It's being suggested that blocks should prevent the blocked user from seeing art, and I'm saying that strengthening blocking like that will lead to it being used as a drama weapon and everyone blocking each other would be the consequence of that.


----------



## Kesteh (Apr 3, 2010)

Ok. You may block my user. There are two things that would dodge this concept:
I can simply log out and not see mature stuff.
I can use another username. Emails are too easy to make now.

Anyone suggesting "IP" blocks in the future need to be shot. Because they are worthless and ineffective.


----------



## Verin Asper (Apr 4, 2010)

Lobar said:


> It's being suggested that blocks should prevent the blocked user from seeing art, and I'm saying that strengthening blocking like that will lead to it being used as a drama weapon and everyone blocking each other would be the consequence of that.

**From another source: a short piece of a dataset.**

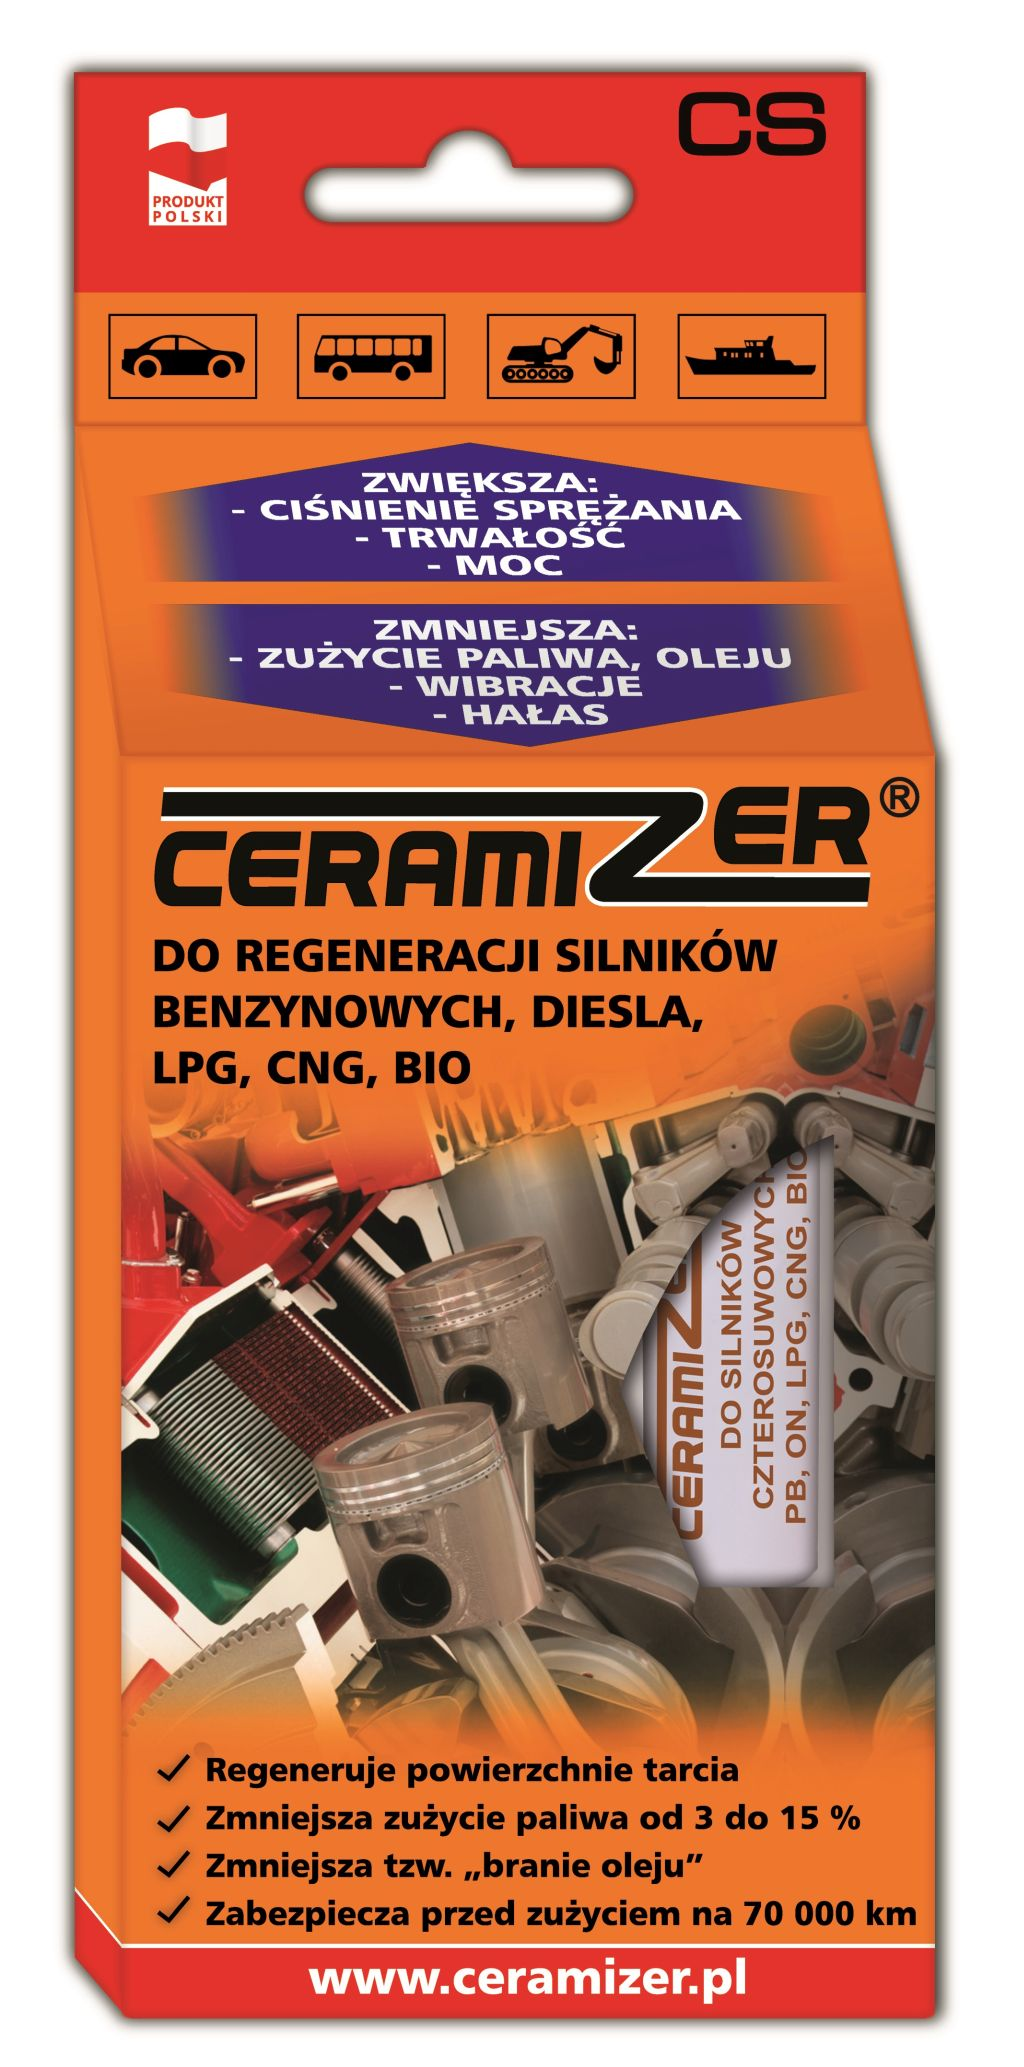 Ceramizer CS – Zregeneruj silnik swojego samochodu !

would teach them to "GET THICKER SKIN"


----------



## El-Matto (Apr 6, 2010)

Thank you for posting this question. I now have an annoying member who doesn't like my stuff I posted cause it's not creative, lol. At least they can't comment.


----------



## Kusatsu (Apr 6, 2010)

El-Matto said:


> Thank you for posting this question. I now have an annoying member who doesn't like my stuff I posted cause it's not creative, lol. At least they can't comment.


Unfortunately it doesn't stop them from reporting you when you use FA as a photobucket though.


----------



## AshleyAshes (Apr 7, 2010)

El-Matto said:


> Thank you for posting this question. I now have an annoying member who doesn't like my stuff I posted cause it's not creative, lol. At least they can't comment.


 
Didn't the admins take your art down for breaking the rules?  Are you really bragging about blocking someone for pointing out that you broke the rules?


----------



## Stratelier (Apr 7, 2010)

If that's the case then indeed, breaking the rules and creativity are two different things.


----------



## Aden (Apr 7, 2010)

El-Matto said:


> Thank you for posting this question. I now have an annoying member who doesn't like my stuff I posted cause it's not creative, lol. At least they can't comment.



Holy christ everything about you pisses me off


----------



## Artificial Ginger (Apr 7, 2010)

Aden said:


> Holy christ everything about you pisses me off


Seconded. Kill it with blenders!! D=<


----------



## Verin Asper (Apr 7, 2010)

El-Matto said:


> Thank you for posting this question. I now have an annoying member who doesn't like my stuff I posted cause it's not creative, lol. At least they can't comment.


they dont need to go "LOL", when your gallery gets wiped from them reporting ya


----------



## pickledance (Apr 7, 2010)

.


----------



## CaptainSaicin (Apr 9, 2010)

I would MUCH rather be able to flag journals either individually or as a whole "friends-only"

After all, they can be read by anyone, including non-members, so blocking people on an account-basis is completely pointless.

also, I concur that FA's blocking feature needs to be more thorough. Blocked people shouldn't be able to view or reply to comments on journals or submissions any more than they should be able to reply to the submissions and journals directly. Last I checked, this wasn't the case (unless they did eventually fix that.)


----------



## Artificial Ginger (Apr 9, 2010)

CaptainSaicin said:


> I would MUCH rather be able to flag journals either individually or as a whole "friends-only"


This surprises nobody.



> After all, they can be read by anyone, including non-members, so blocking people on an account-basis is completely pointless.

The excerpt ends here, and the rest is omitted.